L'interopérabilité est généralement présentée comme une préférence technique. Ici, elle est considérée comme un problème de stabilité. Si tokenisépools de liquiditése retrouver isolé par le choix des registres, les normes de messagerie et les piles de conformité, le marché peut perdre les avantages de compensation et de fongibilité qui rendent la compression de règlement précieuse.
La fragmentation augmente également les chances que les régulateurs poussent à des règles coordonnées, non seulement pour protéger les investisseurs, mais aussi pour empêcher qu'un patchwork de rails incompatibles ne devienne un amplificateur de stress.
Le signalement institutionnel est déjà visible.
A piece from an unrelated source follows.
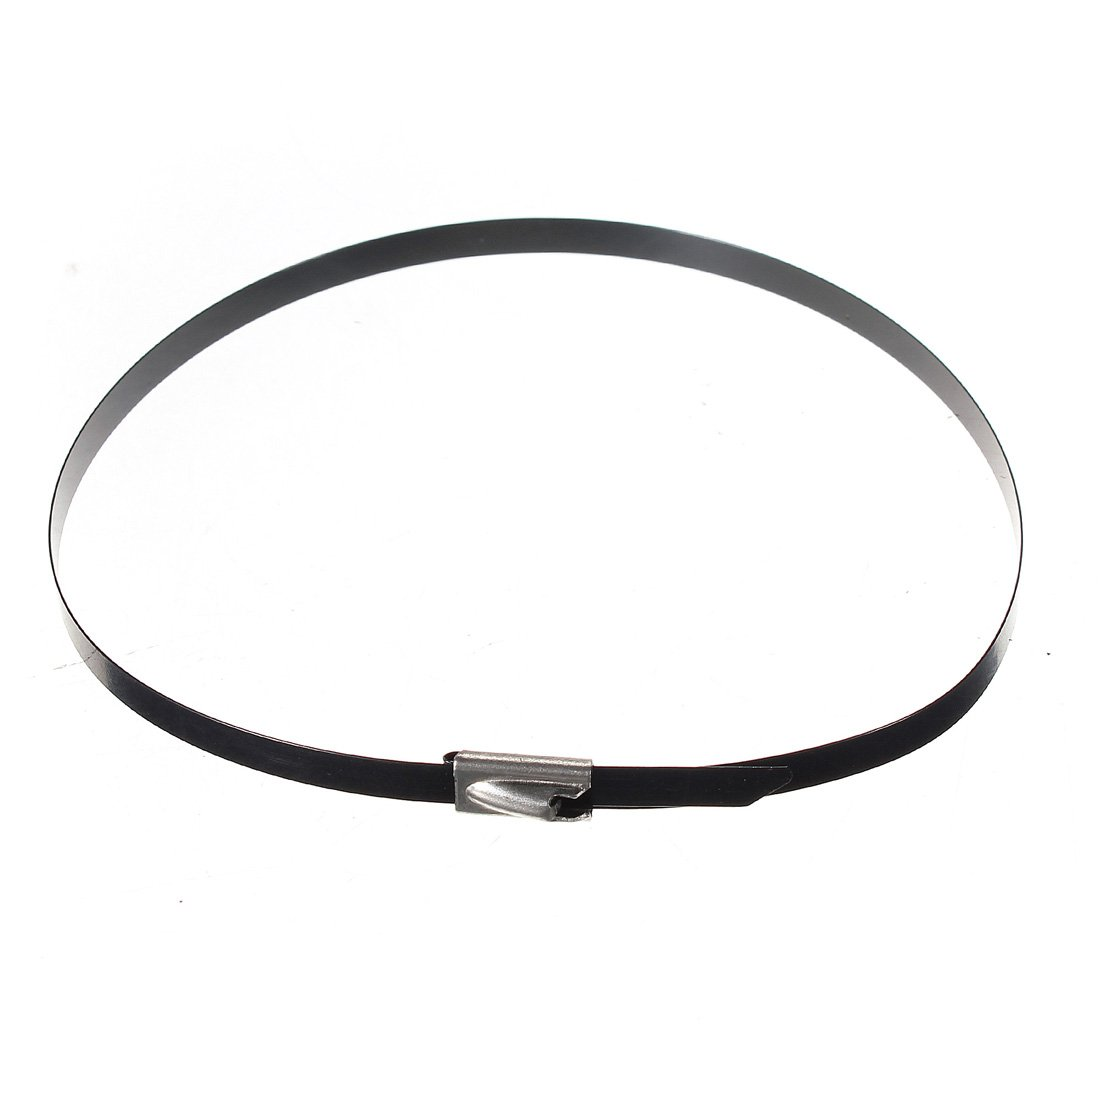 100 Edelstahl Kabelbinder Metallkabelbinder Kabel Binder 300mm X 4,6mm Kabelband
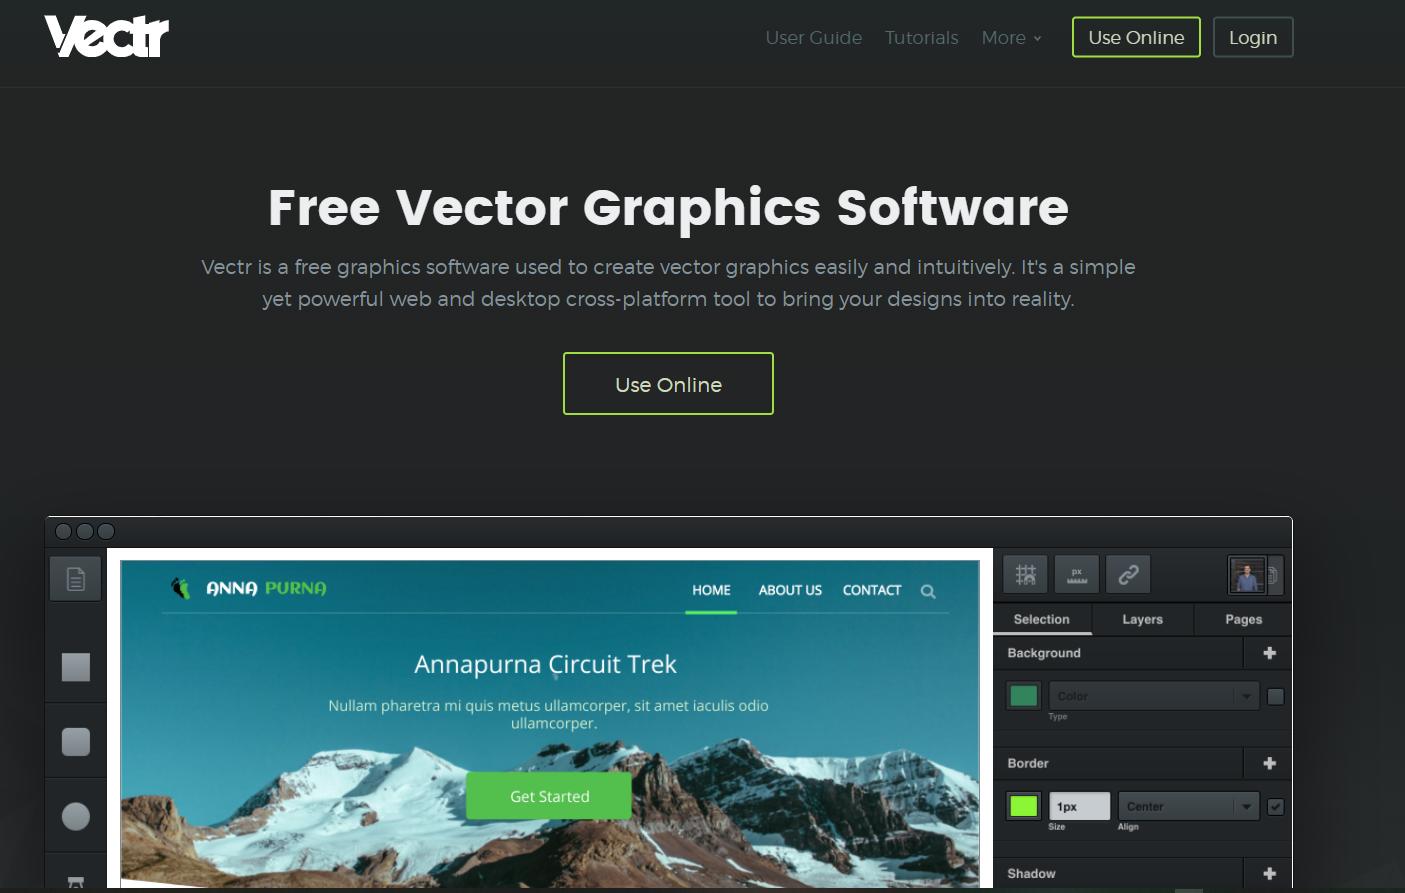 webdesign-resources

The Clearing House, détenu par des banques telles que JPMorgan Chase, Bank of America et Barclays, prévoit de lancer un réseau de dépôts tokenisés début 2027, visant à maintenir les dépôts au sein du système bancaire réglementé tout en permettant des paiements plus rapides et programmables.
Signaux à surveiller : le FMI avertit que la tokenisation accélère le règlement, ajoute
Aux États-Unis, la SEC s'efforce de clarifier comment les lois sur les valeurs mobilières existantes s'appliquent aux actifs tokenisés plutôt que de créer un cadre distinct.
Le risque de catalyseur à court terme est de savoir si l'agence officialise ou fixe un calendrier pour une "exemption d'innovation" afin de tester les plateformes de trading basées sur la blockchain pour les valeurs mobilières tokenisées, y compris l'éligibilité et les garde-fous.
Les traders devraient également surveiller la confirmation et les détails de conception concernant le réseau de dépôts tokenisés de The Clearing House, prévu pour début 2027, y compris les participants, les approbations réglementaires et si le système est conçu pour interopérer avec d'autres rails de tokenisation.
Le troisième signal est le travail sur les normes qui répond à la préoccupation de fragmentation du FMI : des mouvements concrets sur l'interopérabilité, les choix d'actifs de règlement et la gouvernance qui permettraient à la liquidité de se développer à travers les plateformes au lieu d'être piégée à l'intérieur.
Le cas haussier de la tokenisation est la vitesse - mais le commerce repose sur la gouvernance et l'interopérabilité.
Je lis le message du FMI comme une tentative de recontextualiser la tokenisation comme une plomberie, et non comme un récit. Le seuil qui compte est de savoir si les décideurs convergent sur les actifs de règlement, la gouvernance et l'interopérabilité suffisamment rapidement pour que la liquidité tokenisée puisse réellement se comporter comme un marché unifié plutôt que comme un ensemble de jardins clos.
Cela ressemble plus à un catalyseur de sentiment qu'à un changement fondamental jusqu'à ce que la SEC établisse de réels paramètres autour d'une "exemption d'innovation" et que des rails dirigés par des banques comme le réseau Clearing House publient des détails de conception et de participation crédibles.
Si l'interopérabilité et la gouvernance se durcissent en normes partagées, la configuration commence à sembler structurelle plutôt que dictée par le récit, car c'est ce qui détermine si la tokenisation peut faire évoluer la liquidité sans concentrer le risque d'échec sur quelques infrastructures.